Гость спросил адъютанта о приказе Орлова.

   — Есть такой нервный капитан, — объяснил Макаров, — очень хочет какой-нибудь власти. Слащов приказал ему идти на фронт, а он не захотел и устроил этот маленький бунт. Вчера мы с генералом даже выезжали воевать с Орловым. Два орудия, бронепоезд, офицеров человек 20. Доехали до Альмы, позвонили, спросили, подчиняется ли Орлов Слащову и Деникину? Ответили: так точно. На этом всё и кончилось. Народ его любит. И молодые офицеры. У него же лозунг: без генералов с обер-офицерами. Вот все поручики за него.
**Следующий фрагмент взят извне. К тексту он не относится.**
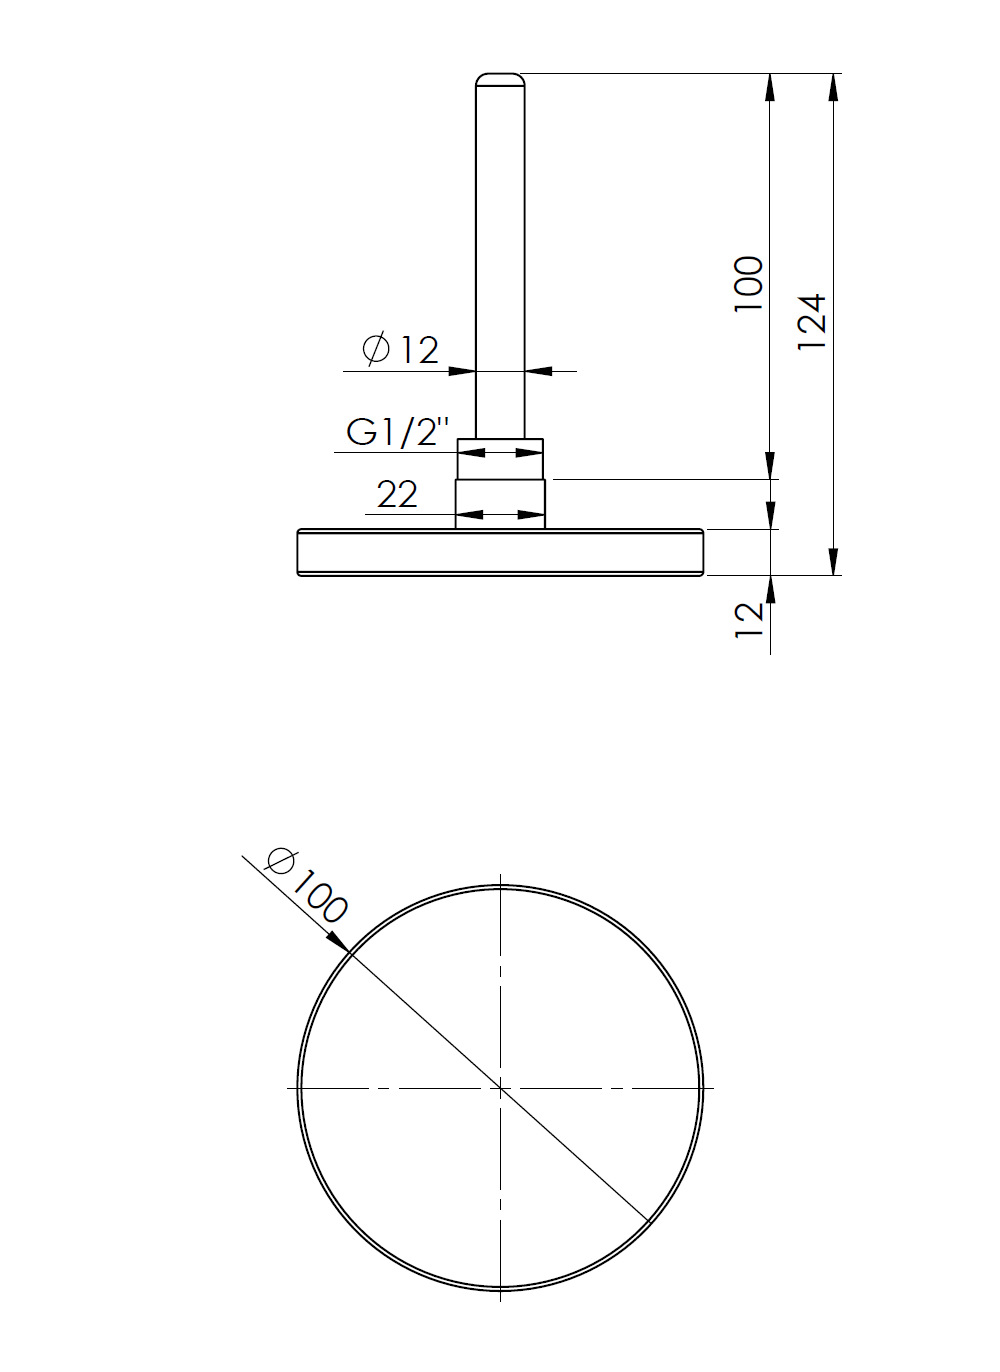 63813 Termometr bimetaliczny BiTh 100, fi100 mm, 0÷120°C, L 100 mm, G1/2", ax, kl. 2 - wymiary AFRISO 1

   — А политическая его позиция?

   — Он, наверное, и слова «политика» не знает. Как-то высказался, что он правее левых эсеров и немного левее правых эсеров.

   — Позиция сложная.

   — А Наша позиция? Бежать от красных?

   — Скорее, просто бежать.

   — Вам, наверное, надо помочь с жильём?

   — Вообще, я устроился в Симферополе, но мне бы и здесь хотелось иметь угол.

   — У меня брат живёт на Батумской, 37, и там одна семья ищет хорошего квартиранта.

Игнатий Николаевич шёл по освещённой бледным зимним солнцем чётной стороне Батумской улицы. Напротив дома 37 перешёл пустую улицу и, вступив на тротуар, уже хотел направиться к входной двери, как вдруг откуда-то со двора прямо на него выбежал паренёк и, чуть не свалив с ног, стал кричать: «Куда лезешь на человека? Очки надел, а не видишь!» и быстро сказал шёпотом: «В доме засада — не ходите». Паренёк побежал дальше, продолжая на бегу выкрикивать грубости, а Игнатий Николаевич прошёл мимо злополучного дома, даже не взглянув на него.

Макаров мог бы не спешить с отправкой письма Дымникова, но почему-то решил заняться им немедленно. Предчувствие, наверное? Момент был благоприятный: генерал немного выпил и читал Диккенса.